И, словно кто внушил ей наущение,
взяла свой гребень самодельный липовый,
и начала собачью шерсть вычёсывать.
Внезапно пёс заверещал истошливо,
на месте завертелся будто бешеный,
и выскочил наружу, чуть не снесши дверь,
и там раздался вопль нечеловеческий.
Не сразу обе женщины отважились
взглянуть, что приключилось с тварью бедною,
а приоткрывши щёлочку, лишь ахнули
и на пороге недвижимо замерли:
Царевна - столп, Княгиня - чуть не мёртвая.
Сам Княжич в шкуре пёсьей к ним пришёл,
и, вновь обретши облик человеческий,
сел у огня и начал им рассказывать,
какое зло жена ему содеяла.
* * *
Я, - молвил Княжич, - безрассуден был,
не слушая остережений матери
и домогаясь сердца Королевишны,
прославленной красавицы да умницы,
а главное - единственной наследницы
страны, обильной разными богатствами.
Мне думалось, как прочим соискателям,
что я достоин и любви, и почестей,
и знатный брак меня счастливым сделает.
Гордыня, недомыслие и вспыльчивость
владели мной, когда я выгнал из дому
страдалицу, Царевну Ненаглядную,
приняв её за чудище болотное,
за нежить из числа рабов Кикиморы,
и горестных речей её не слушая.
И вот женился я, вручив возлюбленной
сокровища, слезами порождённые,
каких ни у кого в округе не было.
Мы стали жить в супружеском согласии,
а там отец скончался Королевишны,
и с нею мы вдвоём взошли на трон.
Да только воли не давали мне,
и всем распоряжалась государыня,
поскольку я закон не знаю тамошний,
и навредить могу своим суждением.
А я не смел ответить прекословием,
стараясь угодить ей всякой малостью.
Два раза понесла моя красавица,
но скинула, и, дабы в третий раз
не потерять желанного наследника,
отправилась к колдунье Королевишна,
чтоб погадать и заручиться помощью
потайных сил в намереньи задуманном.
Не ведаю, о чём там речь велась,
какие зелья ей дала кудесница,
какие сотворила заклинания,
но Королевишна вернулась благостной,
и в ту же ночь младенец был зачат.
Родился сын, и отшумели празднества,
пиры, потехи, игры да гуляния,
и стал я примечать в супруге холодность,
и стала избегать она и ласк моих,
и даже пребыванья мимолётного
в одном покое, будто я чужим ей стал:
ведь есть кому теперь престол наследовать.

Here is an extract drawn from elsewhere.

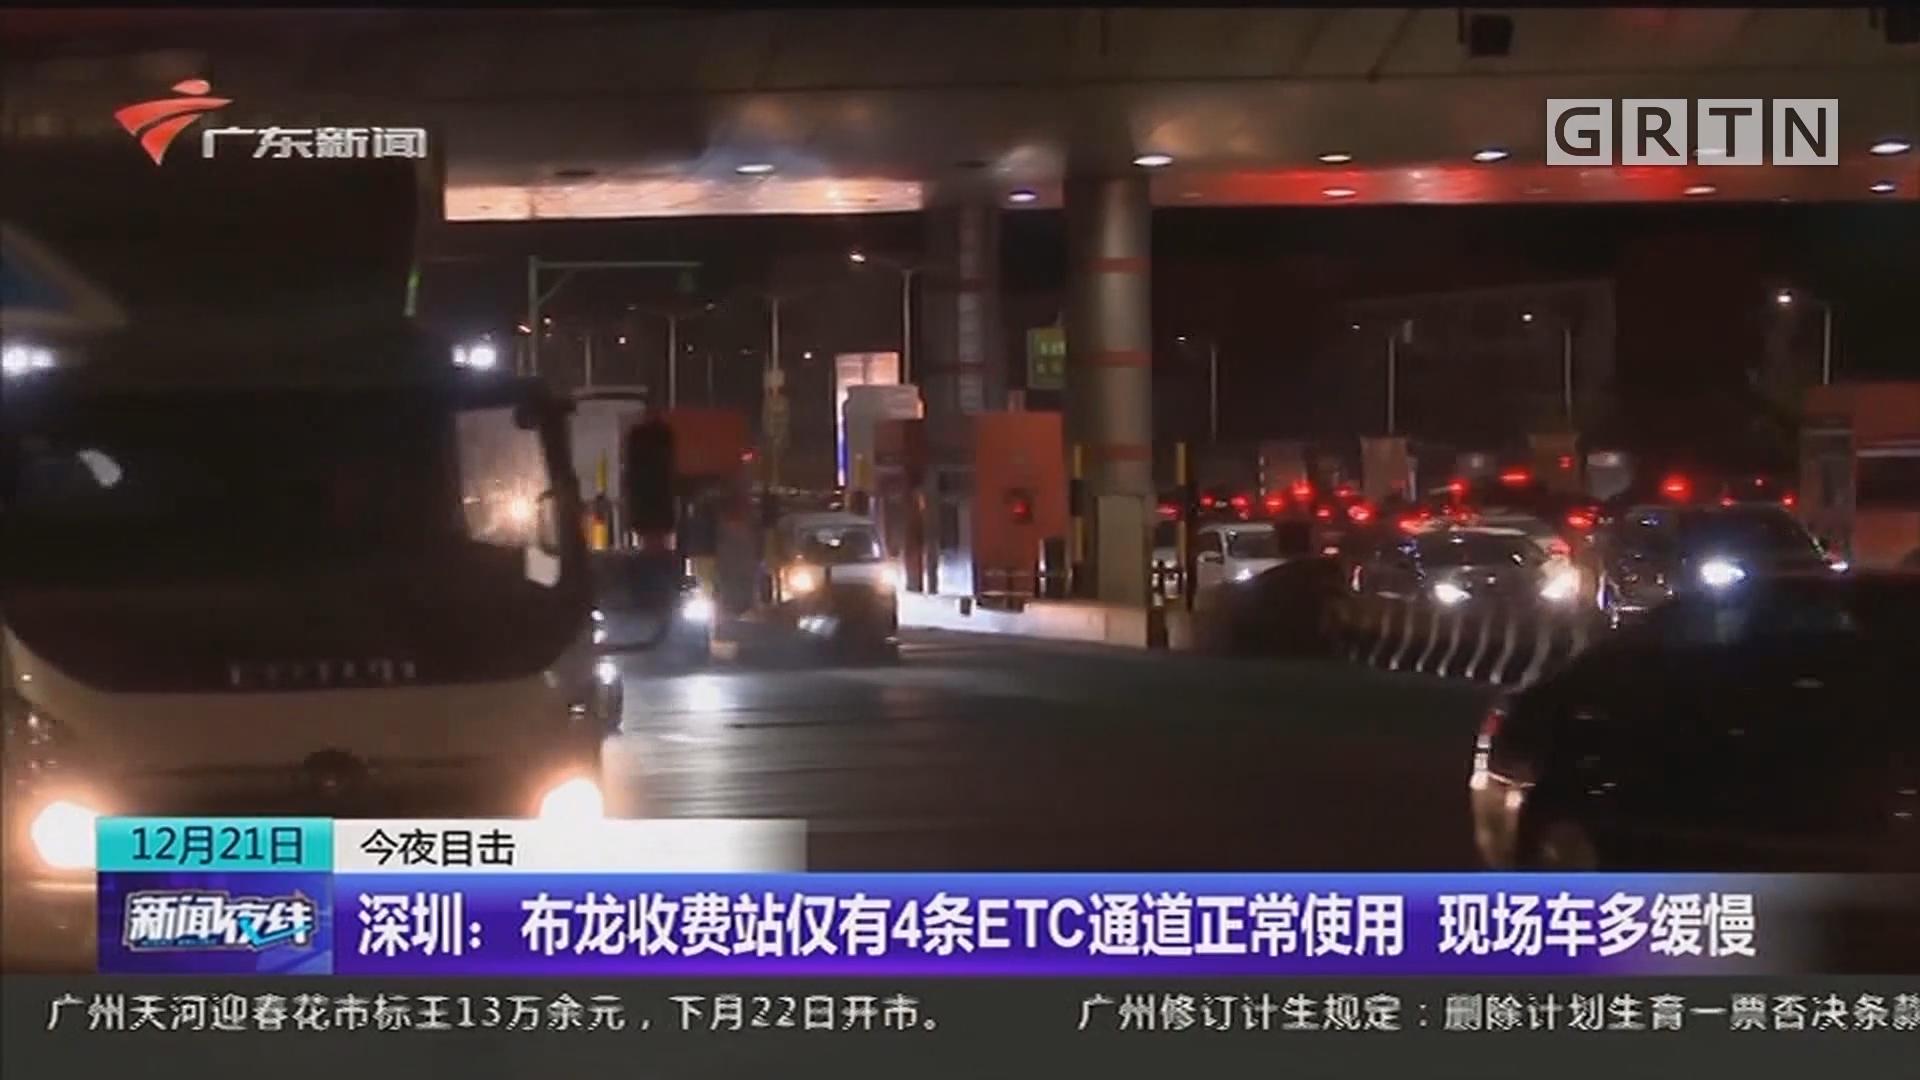 今夜目击 深圳:布龙收费站仅有4条ETC通道正常使用 现场车多缓慢
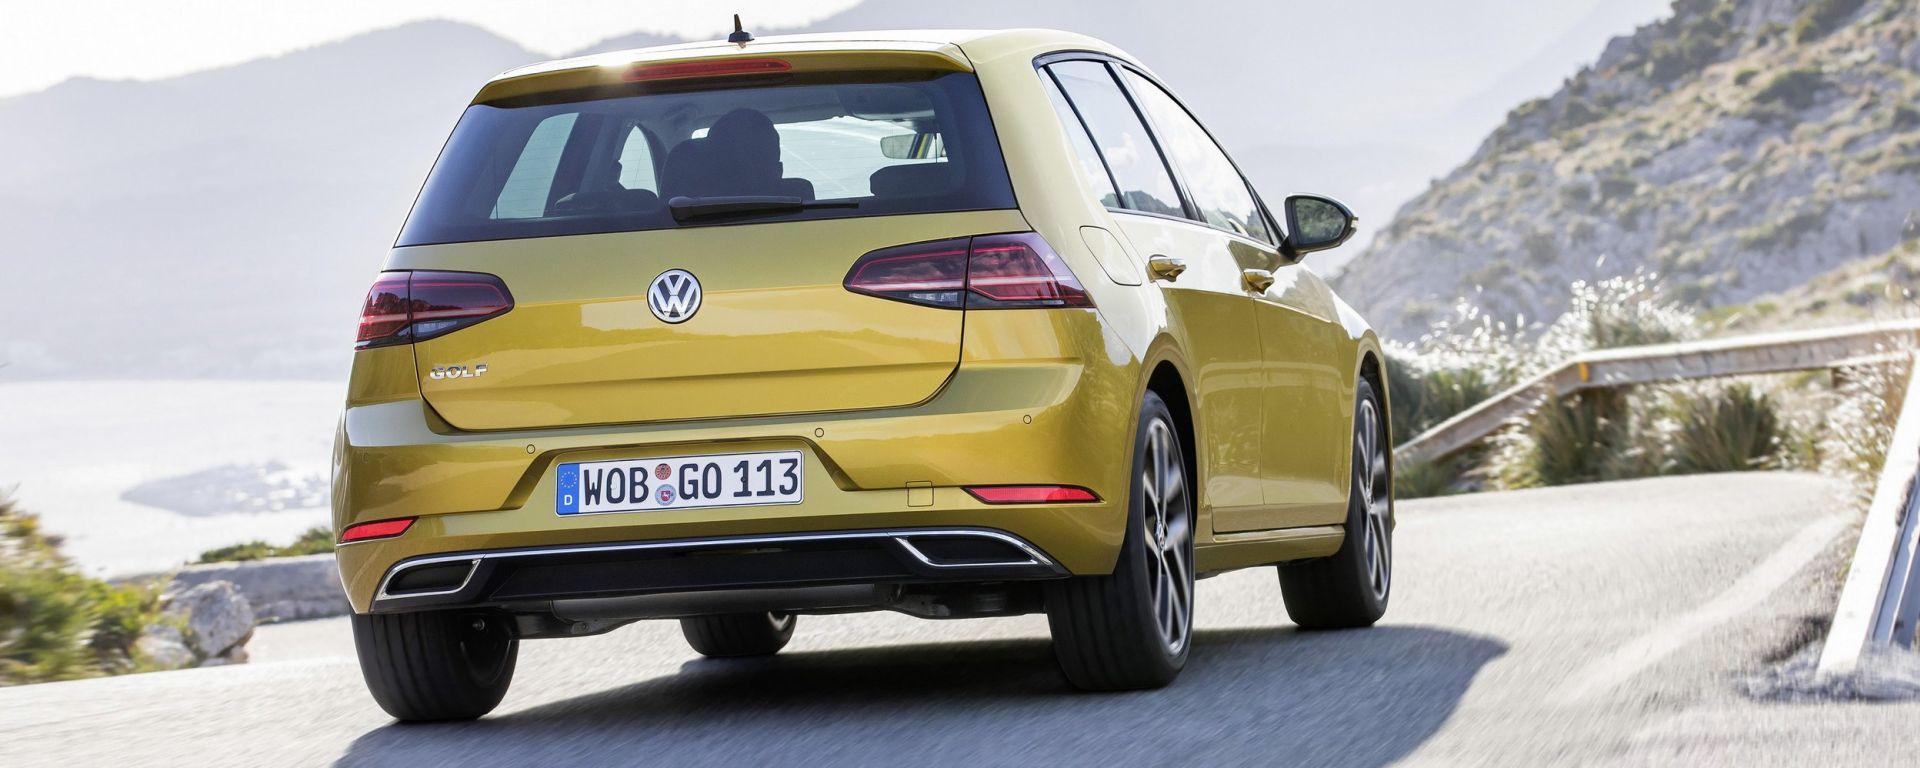 Vendite auto 2018: la top 20 per modello

А дальше начал примечать я, будто бы
желает кое-кто моей погибели.
То невзначай я что-то съем за трапезой,
так что потом жестокой рвотой мучаюсь,
то под ногой ступенька в башне сломится,
то на охоте просвистит стрела,
как будто бы мне в темечко нацелена,
то конь, давно знакомый и объезженный,
вдруг понесёт, незнако кем пришпоренный.
Истерзанный немыми подозреньями,
пришёл я объясниться с Королевишной.
Мол, так и так, коль больше я не люб тебе,
и ты желаешь от меня избавиться,
давай, уеду в вотчину родимую,
и будем жить, как каждому удобнее,
а сын - полгода тут, полгода там,
ведь мил он равно и тебе, и мне.
На речь мою пристойную и честную
она уж было распалилась яростно -
прищурив очи, закусив губу, -
но вдруг слезами залилась притворными:
'Ах, это я тебе постылой сделалась!
Ты больше не даришь мне драгоценности,
не угождаешь мне речами нежными,
не домогаешься и ласк супружеских -
ну, да, ведь я исполнила желанное,
на свет произвела тебе наследника,
а значит, можно бросить ненавистную
и тешиться с другими в дальней вотчине!'...
И вновь проснулось в сердце вожделение,
и ночевал я в спальне Королевишны.
Когда же утром пробудились с нею мы,
она сказала с ласковой улыбкою:
'Какой же ты лохматый да въерошенный,
негоже, чтоб такого слуги видели,
дай, причешу тебя, мой друг, по-своему'...
Взяла она ларец, невзрачный обликом,
весь почерневший от великой древности,
и вынула оттуда гребень вычурный,
чьи зубья были точно пасть отверстая -
и начала чесать мне кудри буйные,
нашёптывая тайные заклятия,
а мне мерещилось, что это лепет ласковый.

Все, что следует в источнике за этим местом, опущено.